Un petit caillou s’est inséré dans les rouages de sa cervelle et tout le mécanisme s’est grippé. Les roues forcent, la pression est à son comble mais rien ne bouge. A peine quelques vibrations qui se traduisent par des tics nerveux. La paupière, le coin supérieure droit de la lèvre. Parfois un sourcil. Mais rien de plus. Soudain, la pression est trop forte et le caillou se brise. Les engrenages reprennent leur course et les pensées lui reviennent d’un seul coup. Impossible de faire le tri.
C’est dommage.

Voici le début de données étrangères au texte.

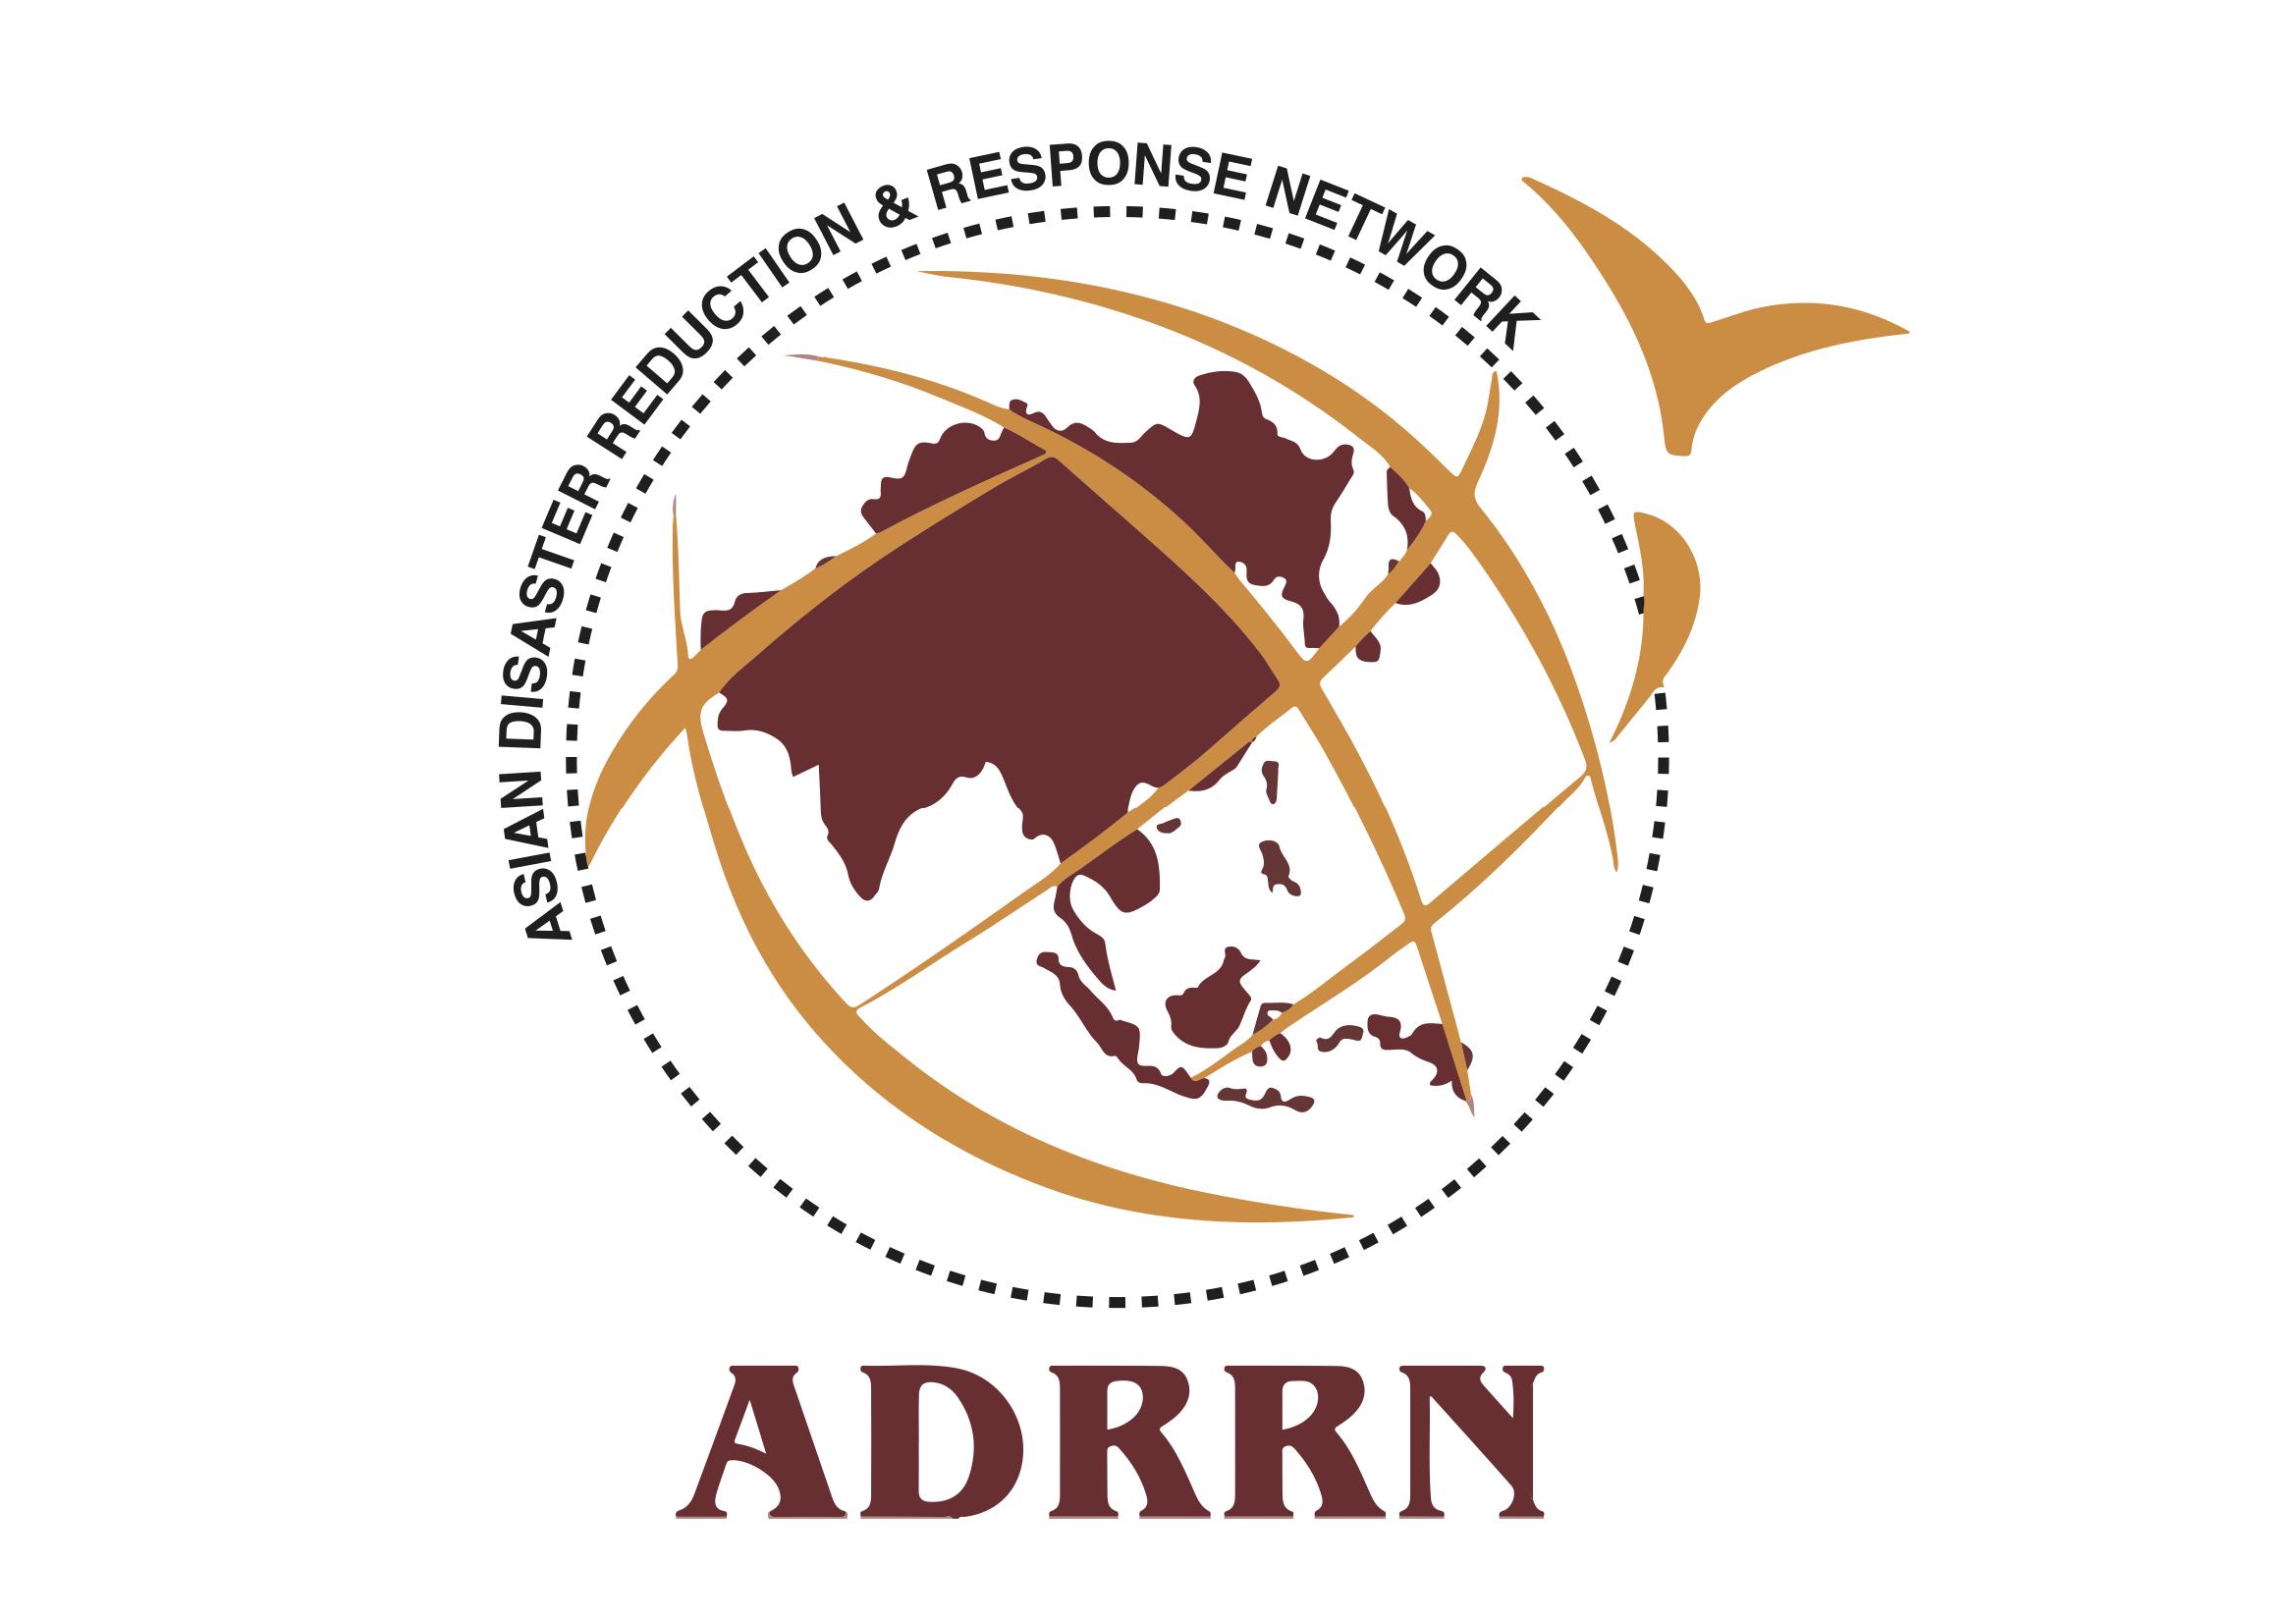 (c) Adrrn.net
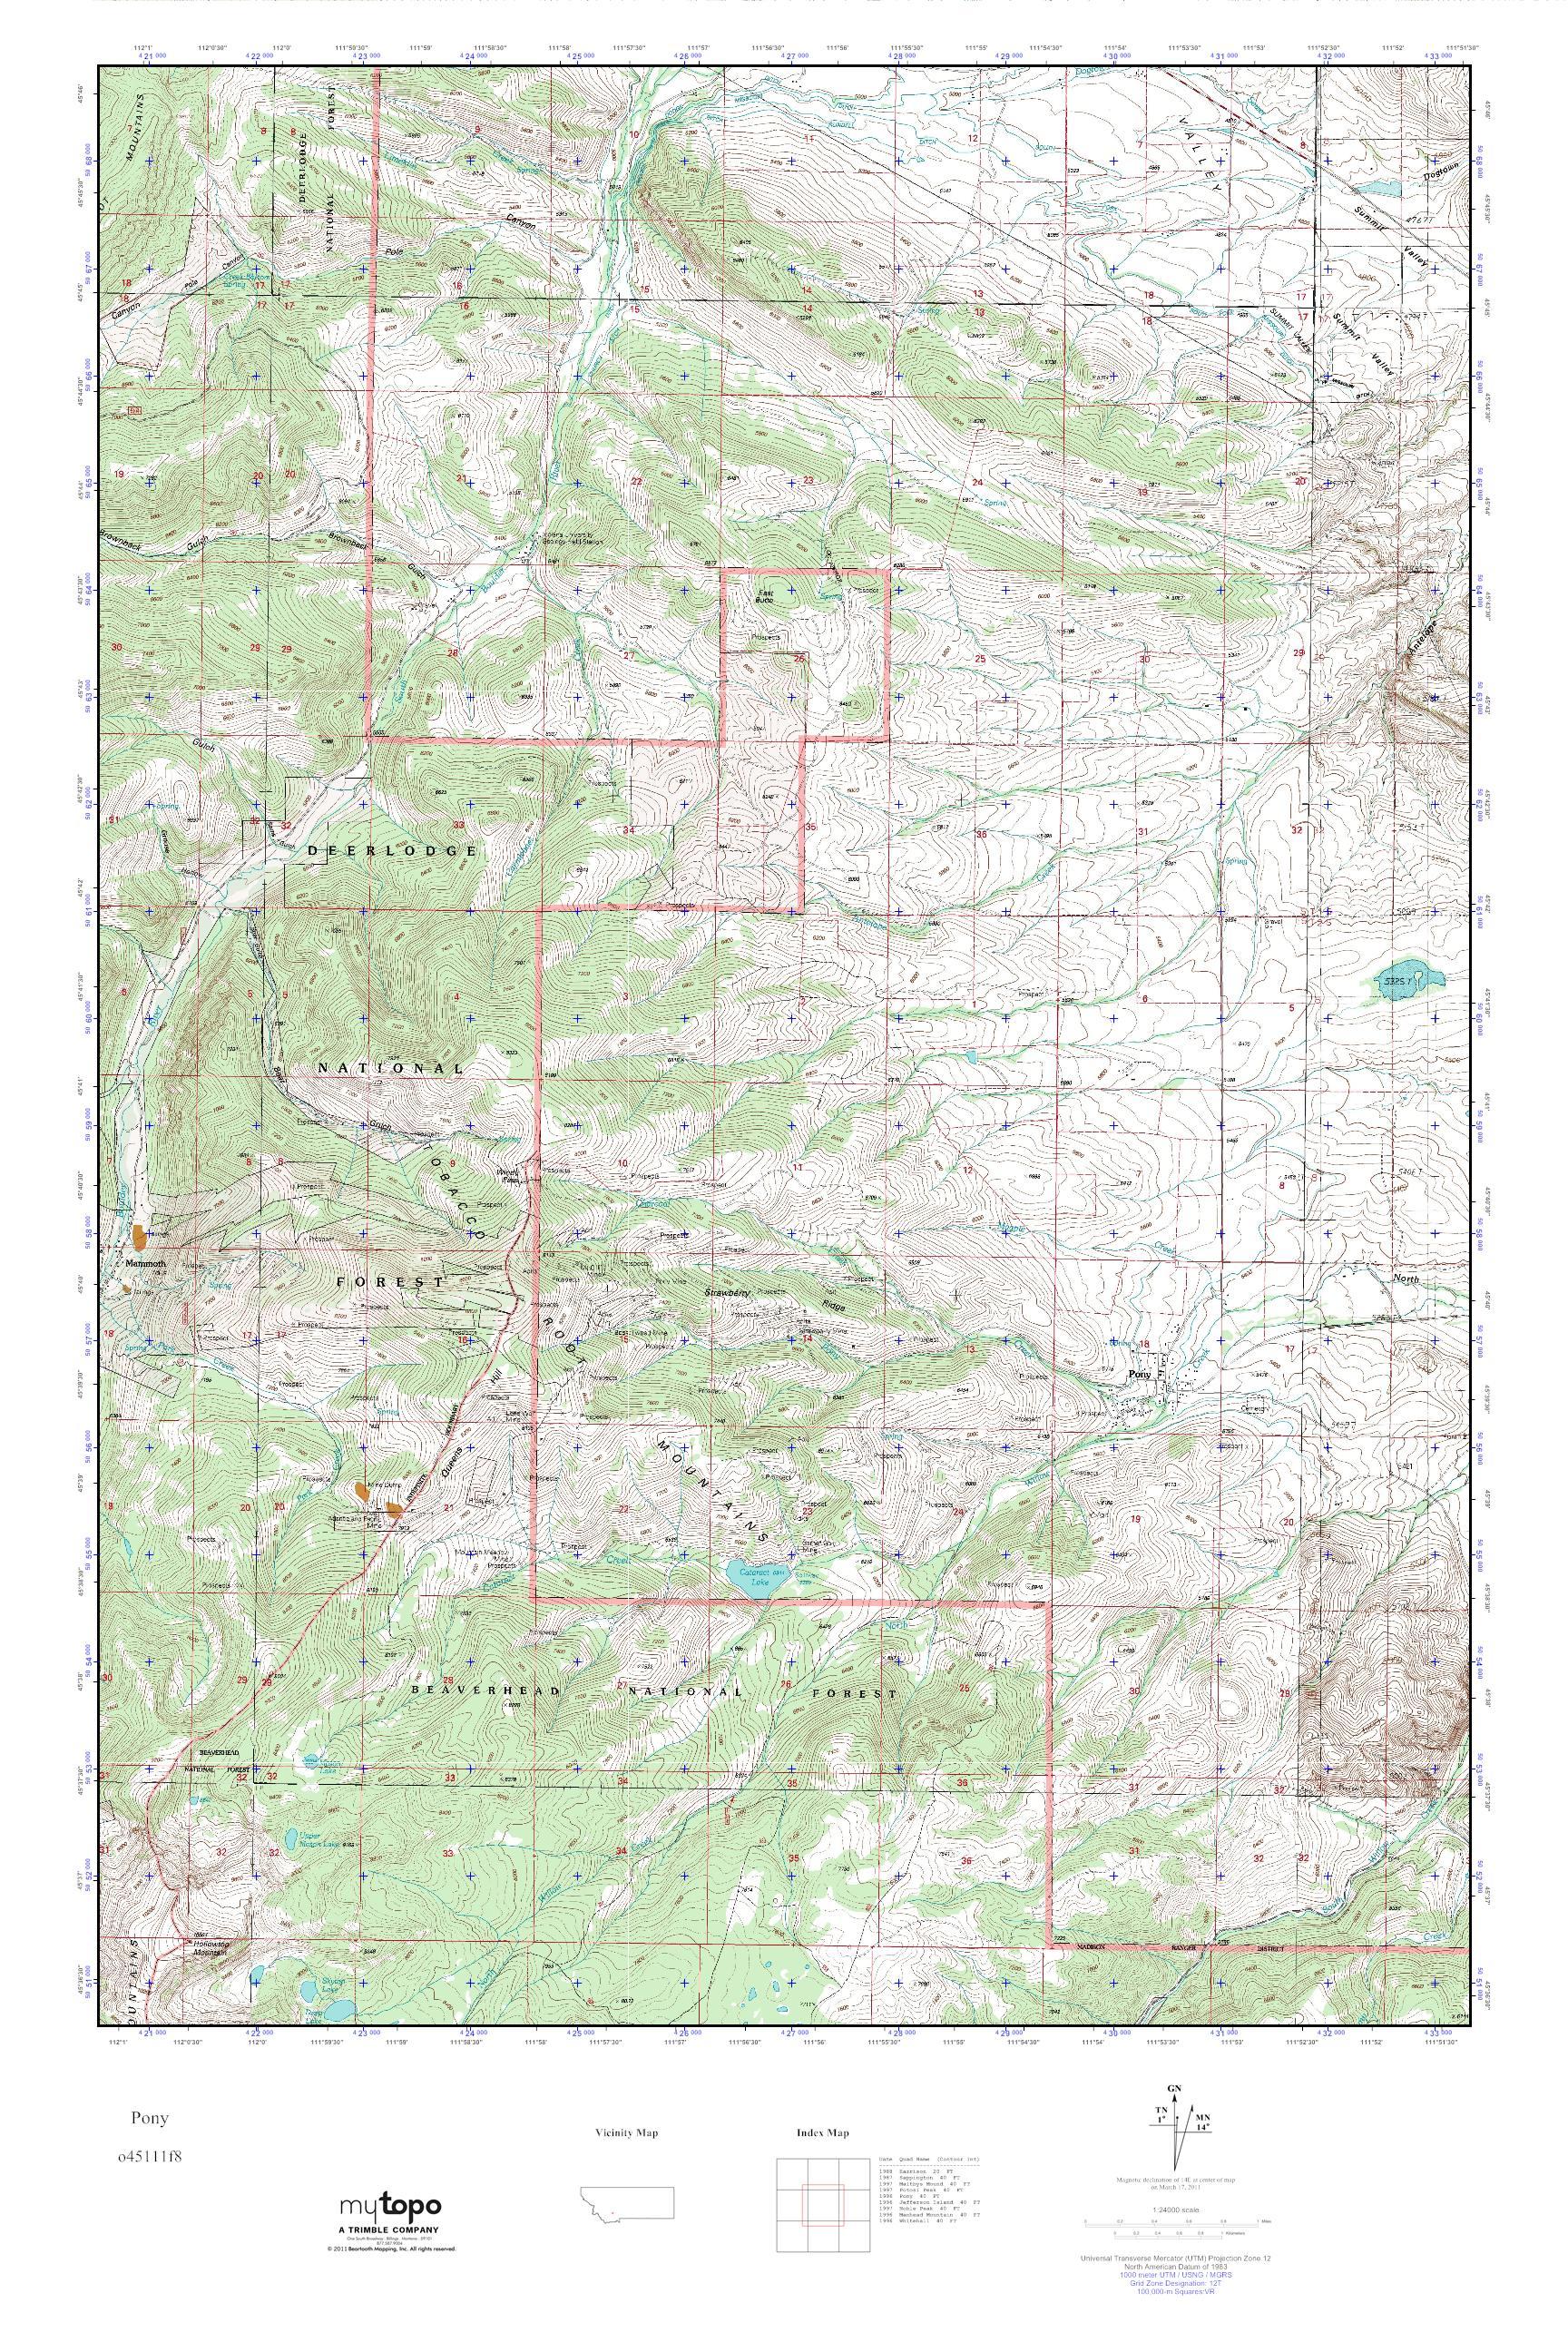 Pony Montana Map.Mytopo Pony Montana Usgs Quad Topo Map

Il n’a même pas eu le temps de dépenser l’argent qu’il s’est fait en vendant l’athlète et le cyborg. Il aurait pu enfin se prendre son propre bateau. Plus besoin d’en voler aux pêcheurs. Il aurait même pu aller dans ce petit resto du traiteur homme-poisson à côté du Ni-Bar. Le homard est à tomber. Servi par un véritable homme-homard. Amusant ! Original ! On en fait plus des restos comme ça !
Mais qu’est ce qu’il raconte ? Il déteste le homard.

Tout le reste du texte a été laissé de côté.